Antes, uma linguagem do medo para dar força às nossas ideias funcionava. Hoje, num mundo em que as pessoas são cada vez mais ousadas nas opções de vida que tomam, e gostam de mostrar um comportamento anti-convencional, se mantivermos a mesma linguagem do medo, impedimos a linguagem de evoluir. E mesmo que pretendamos esclarecer os corações com apelos ao pecado se mantivermos determinada situação, ainda que seja assim, sinceramente, cai em saco roto.
Não sei por que razão, mas a linguagem legalista que justifica uma contraposição, por exemplo, contra as uniões homossexuais, citando documentos da Congregação para a Doutrina da Fé faz um serviço pobre à missão sinodal da Igreja. O legalismo para justificar a vivência da fé esvazia-se de significado porque esvazia-se do amor com que os documentos foram escritos. Uma união homossexual pode ser considerada por uns como contra a razão, mas se usarmos esse argumento para condenar, a nossa linguagem desvia-se do amor que acolhe todos, independentemente das suas escolhas.

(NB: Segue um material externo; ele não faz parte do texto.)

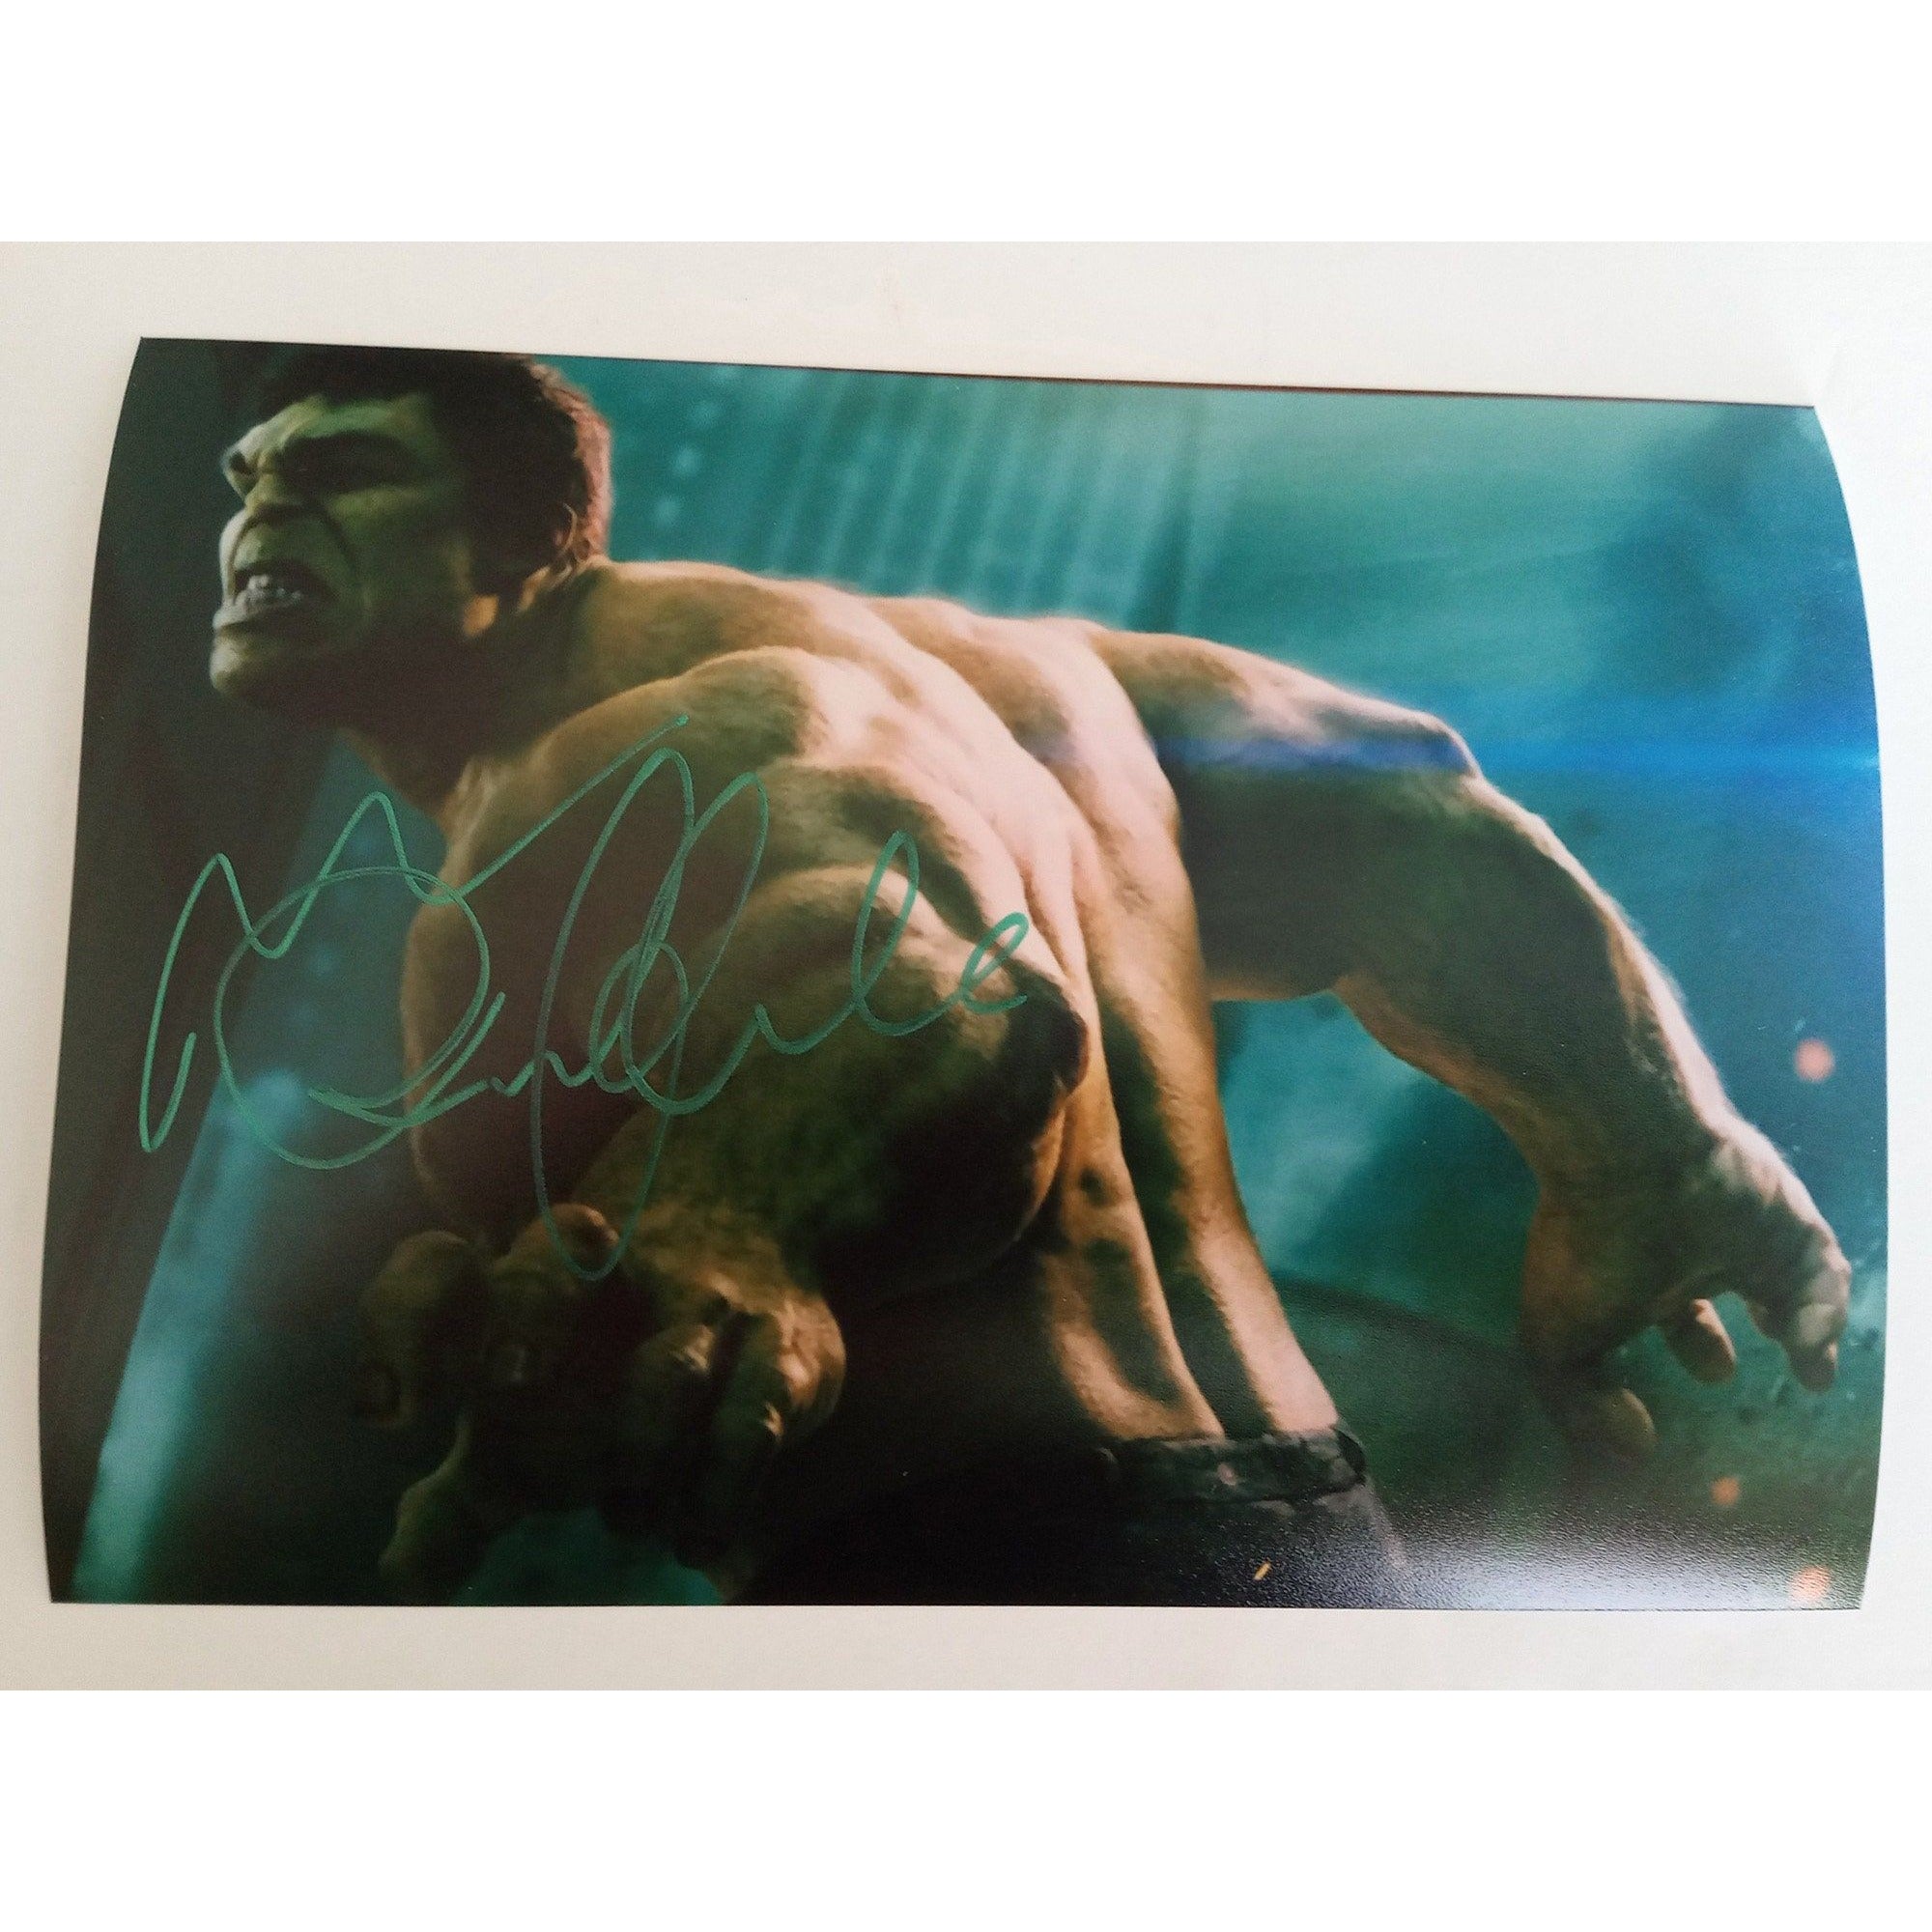 Mark Ruffalo Hulk  The Avengers 5x7 5 x 7 photo signed with proof

Quando escutamos a linguagem do Papa Francisco sobre a pergunta feita em relação à legalização das uniões homossexuais, o Papa diz que — «o matrimónio é o matrimónio. Isto não serve para condenar as pessoas que são assim [homossexuais], não, por favor, eles são os nossos irmãos e irmãs e temos de os acompanhar. Mas o matrimónio como sacramento é claro, é claro. Que existem leis que providenciam aos que se querem associar [em união homossexual], uma lei para terem um serviço de saúde (…) são coisas feitas (…), mas o matrimónio como sacramento é entre um homem e uma mulher. Algumas vezes o que disse foi confuso. Contudo, respeitem todos. O bom Senhor salvará todos - não digam isto em voz alta (risos) - mas o Senhor quer a todos salvar.» E eu não tenho a menor dúvida.

Na linguagem do Papa Francisco, alguns católicos sentem uma permissividade que vai contra o ensinamento da Igreja em relação às uniões homossexuais, mas a linguagem que o papa usa com palavras como acompanhar, respeito, é a linguagem do amor. E se prescindimos da linguagem do amor, prescindimos de Deus que é amor. Aliás, quem acredita que Deus é amor e quiser falar de Deus, pode falar outra linguagem que não seja a do amor?

Neste tempo em que reflectimos sobre o “caminhar juntos”, pedimos ao Espírito santo que continue a iluminar os nossos corações sobre o modo de ser da Igreja como sinodal. E um dos pilares da Igreja sinodal é a comunhão. Se não procurarmos amar, escutar a todos, e trabalhar mais a linguagem do amor, retiramos espaço à acção inesperada de Deus que a todos quer salvar.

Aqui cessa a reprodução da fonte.